Партизаны их ждали в селе около церкви, на площади.
Взобравшись на грузовик и став рядом с Троекратовым и генералом, которого он видел впервые, Николай Кораблев посмотрел на партизан. Их было много: тысяч пять-шесть. И все они были разные: одни бородатые, другие начисто бритые, молодые, в шляпах, в кепи, в пилотках летчиков. Каждый из них держал в руках или винтовку, или автомат, или ручной пулемет. Их было так много, что они заполнили собой не только площадь, но и улицы.
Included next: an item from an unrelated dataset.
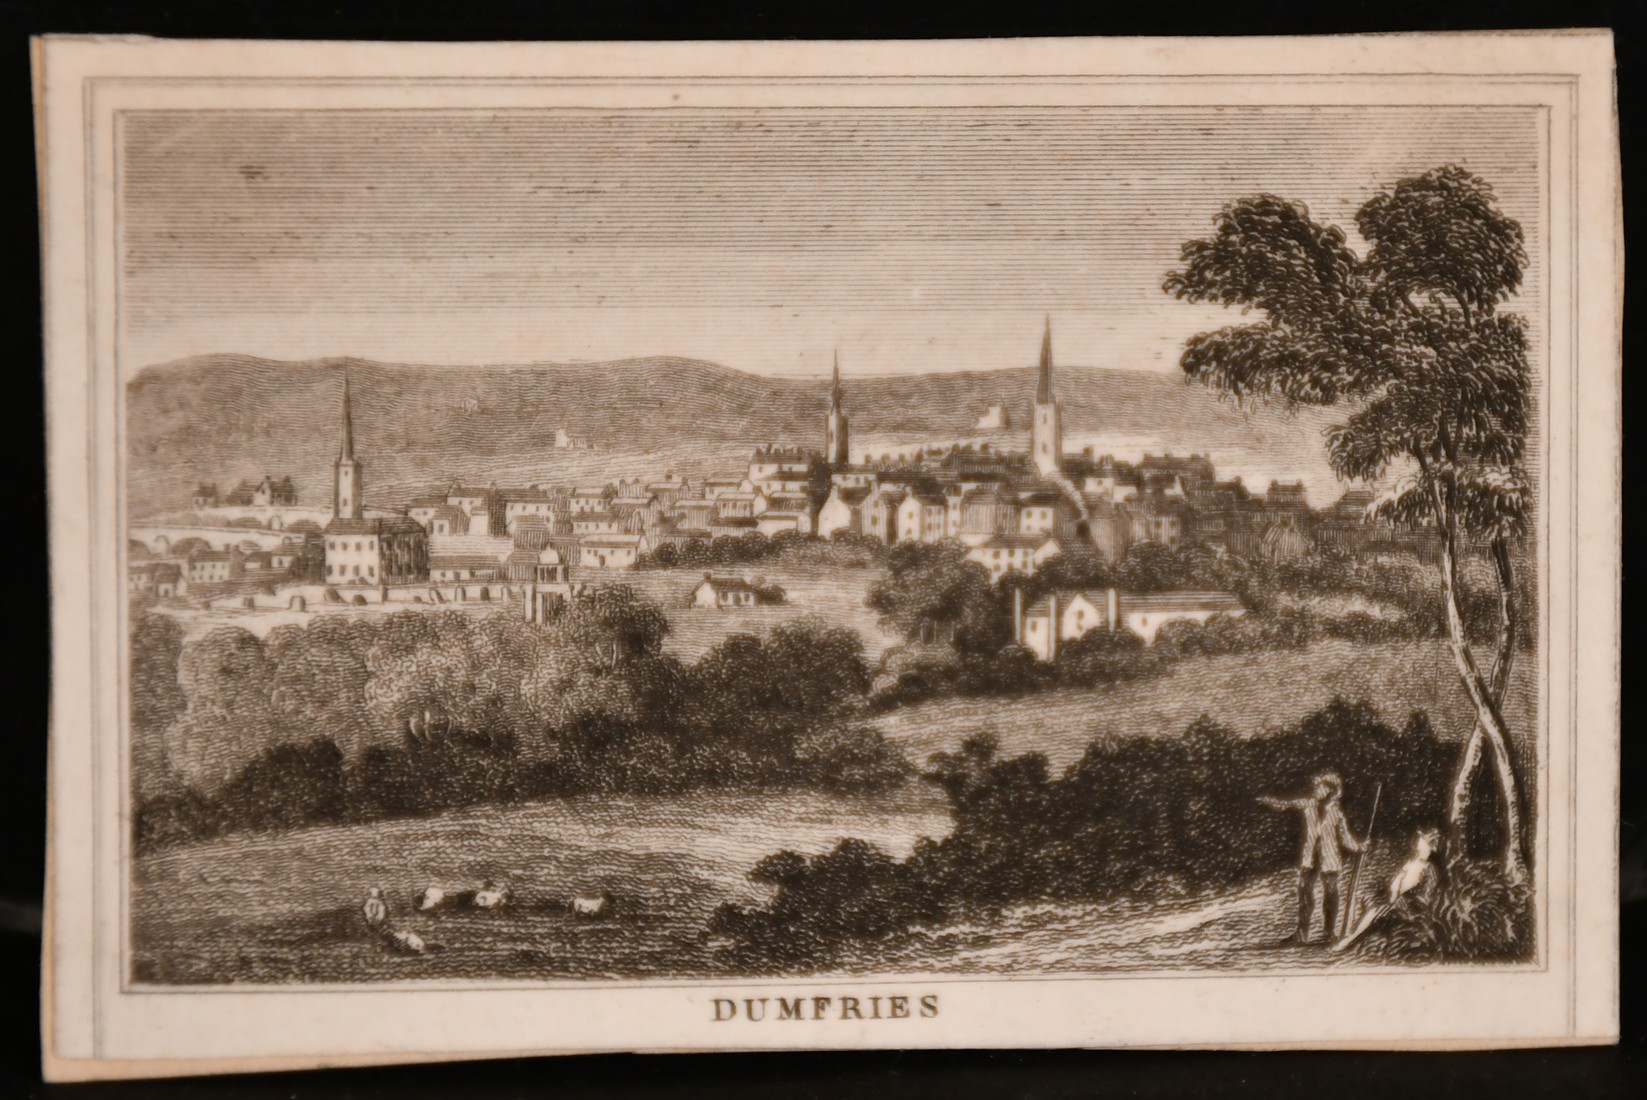 A collection of 19th century engravings including 'Edinburgh, From The Calton Hill' and 'Friars - Image 3 of 4

А дальше, к изгородям, были привязаны лошади, запряженные в телеги, старинные тарантасы, и еще дальше стояли часовые, увешанные гранатами.
Вот сколько их! — радостно проговорил Троекратов, внутренно чем-то гордясь, утаивая от Николая Кораблева, какую особую, по распоряжению из Москвы, работу ему самому пришлось провести среди партизан…
…Сначала в лесах появились мелкие, разрозненные группки партизан. Их надо было свести воедино, по ставить под одно командование, наметить цели и задачи, научить воевать, обороняться и… не пропускать в свои ряды предателей.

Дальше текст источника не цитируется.